I would like to know a mathematical way to change between bases of any decimal number to another. I would like it to be able to be programmed.
Examples of problems:
$$\sqrt{2}_{10}=X_{\phi}$$
Here is what I know:
$$3152_b=2.513_{b^{-1}}$$
$$\sum_{n=- \infty}^\infty x b^n=.\overline{x}_b+.\overline{x}_{b^{-1}}$$
Can anyone help me with this?
I have figured it out. First a note:
When I mean round down I mean round towards $-\infty$, and not towards $0$.
The solution:
$$b^{log_{b}(number)}=number$$
so:
$${round\space down(log_{b}(number))}=a\space fraction\space of\space the\space first\space digit$$
To get the answer just loop the equation with an output for each digit:
$$x=round\space down(log_b(Z=Z-b^{return(x)}))$$
The finished process should look something like this:
$$round\space down(log_3(5-3^{1}-3^0-3^0-3^{-\infty}-etc.=0))=-\infty$$
or this if programing it the way like before:
$$number\space positions (1,\space 0,\space 0)$$
This tells you the distance each number is from the $1$'s place.

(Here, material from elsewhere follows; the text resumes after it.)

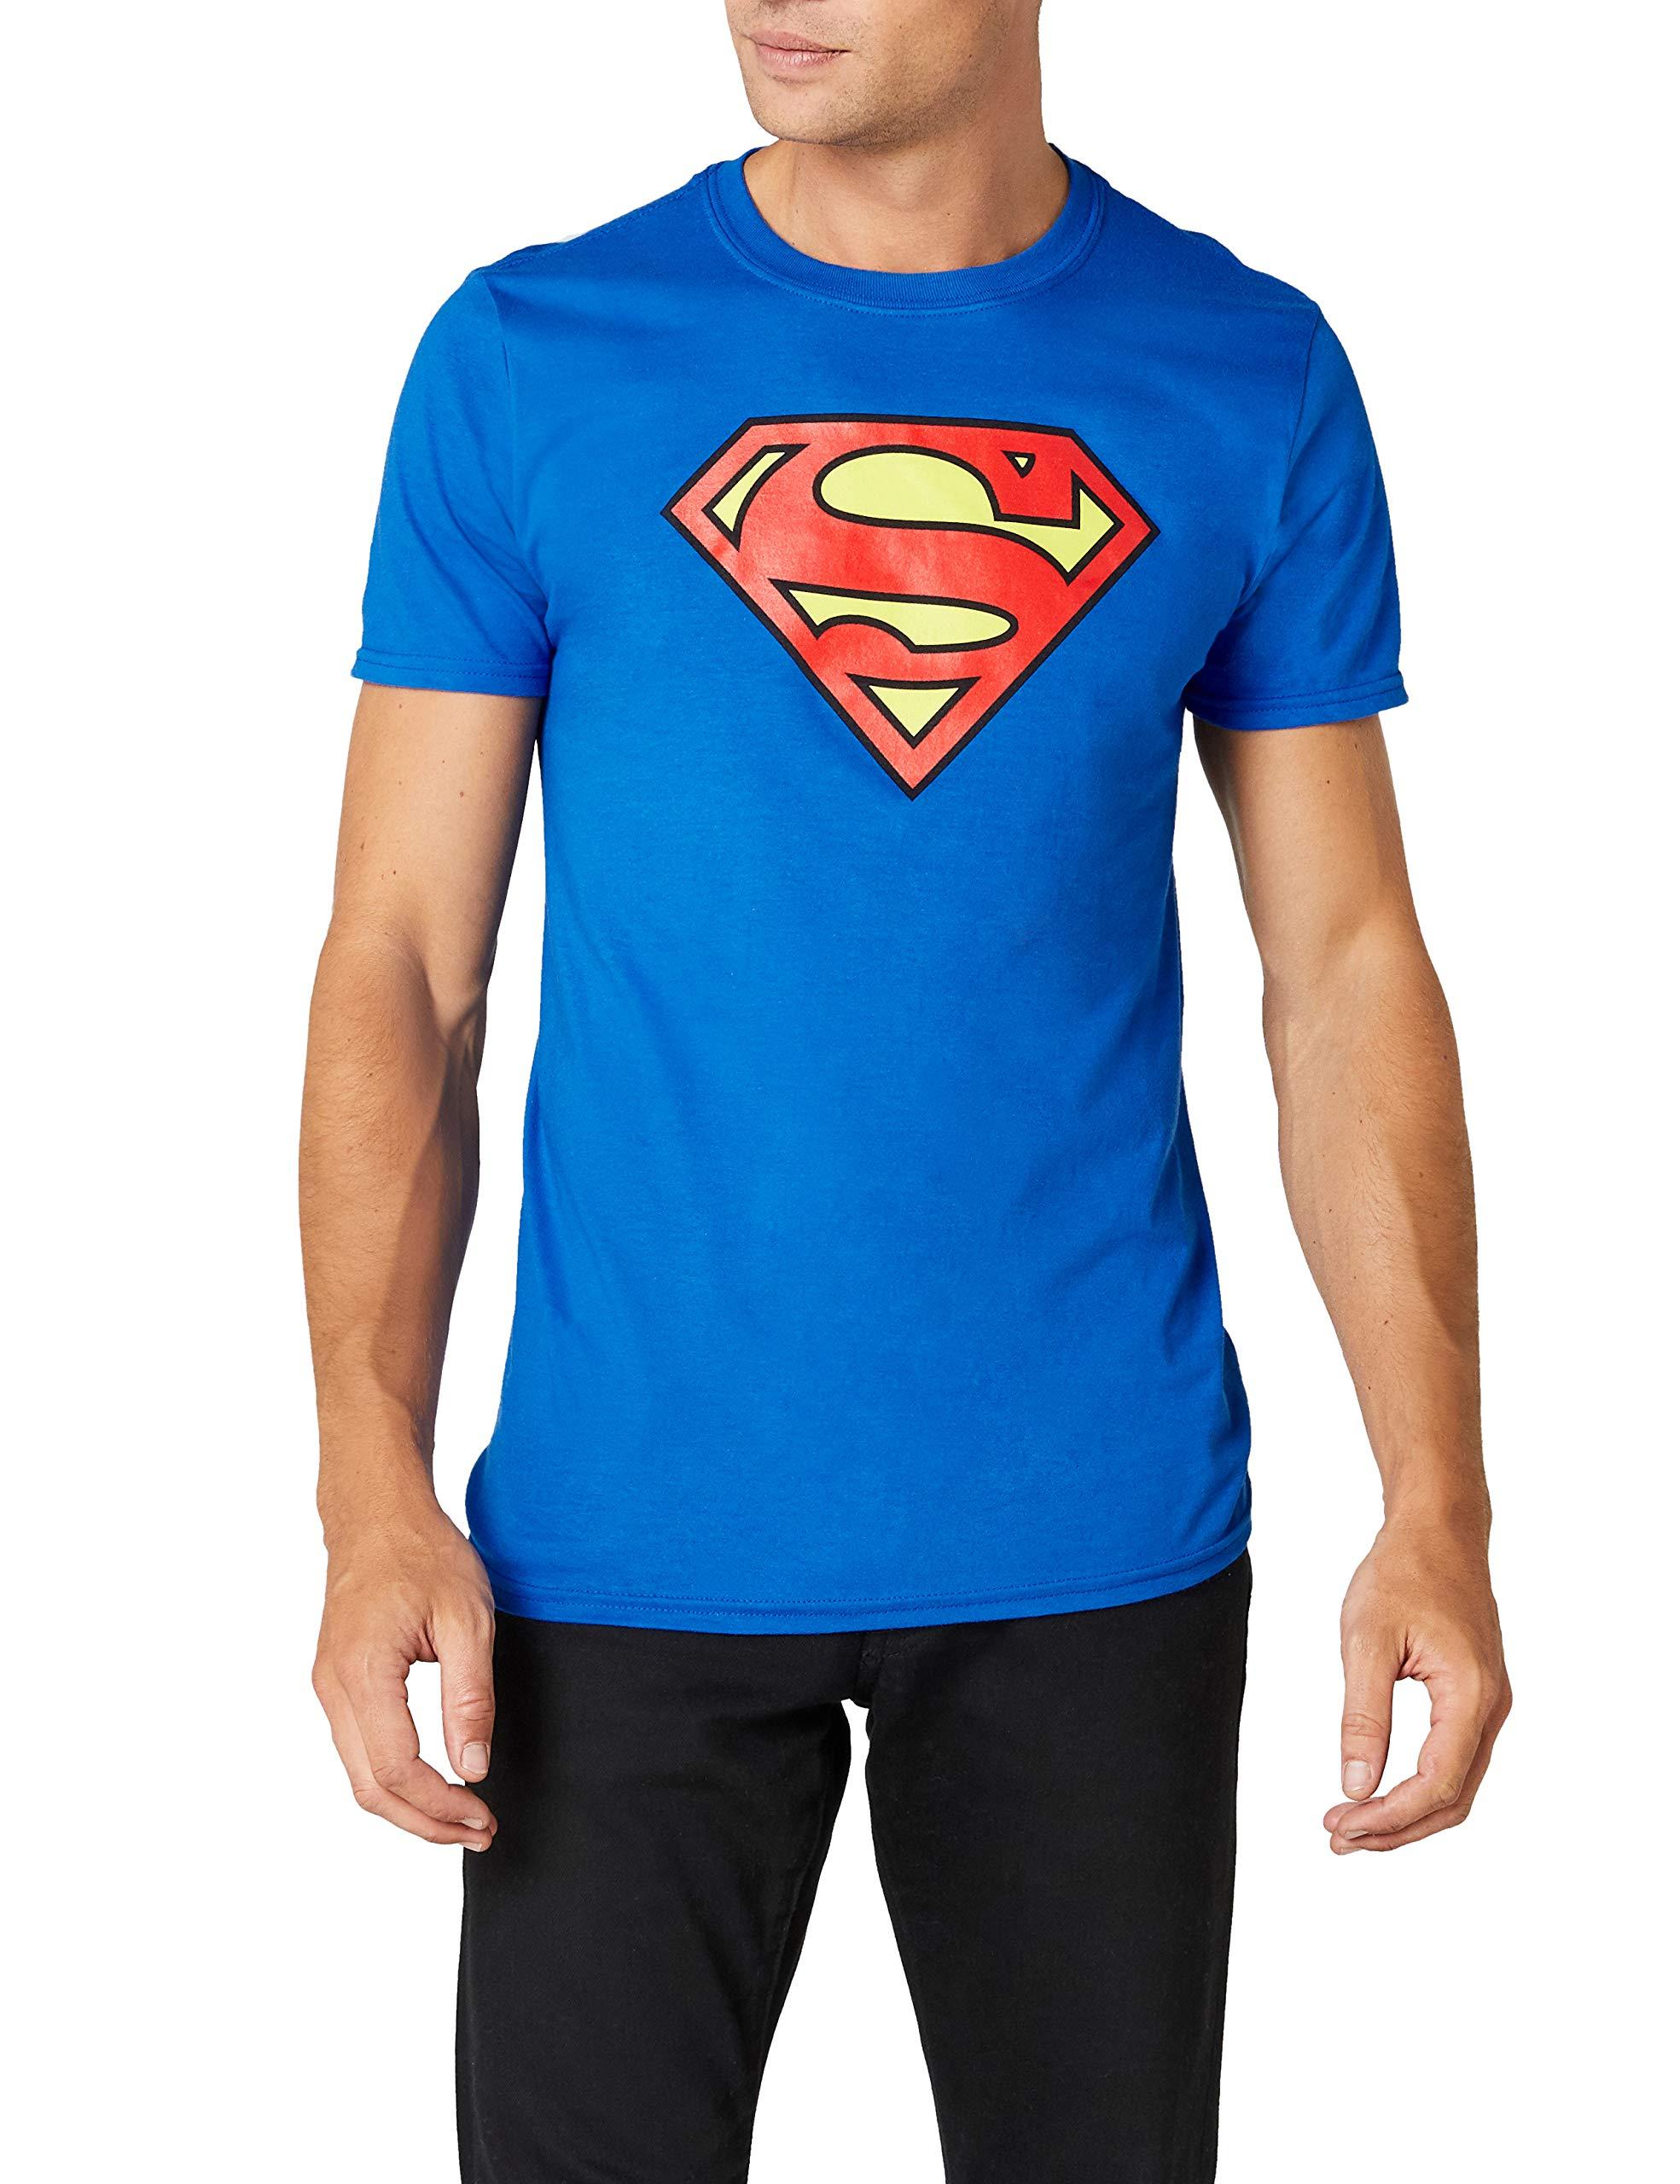 Collectors Mine Camiseta para Hombre product image

Finally, you have $1$ for the $3^1$'s, and $2$ for the $3^0=1$'s place:
$$12_3$$ To solve for negative bases use this just use the absolute value of the stuff inside the logarithms. This will cause problems like solutions with this.
$-7=$ number positions$(1,1,1,0,0)$ for base $-3$ Although it is unlikely for this to set of number positions to appear (unlikely because I haven't checked to see if it would and not that it is inconsistent), so this is a bad example.
This is a problem because the symbol for 3 doesn't exist in base 3. Just like we don't have a symbol for 10 in base 10. We use two symbols.
All you need to do is resolve the 3 (1's) and simplify it. Which would yield number positions$(3,2,2,0,0)
$$1202_{-3}$$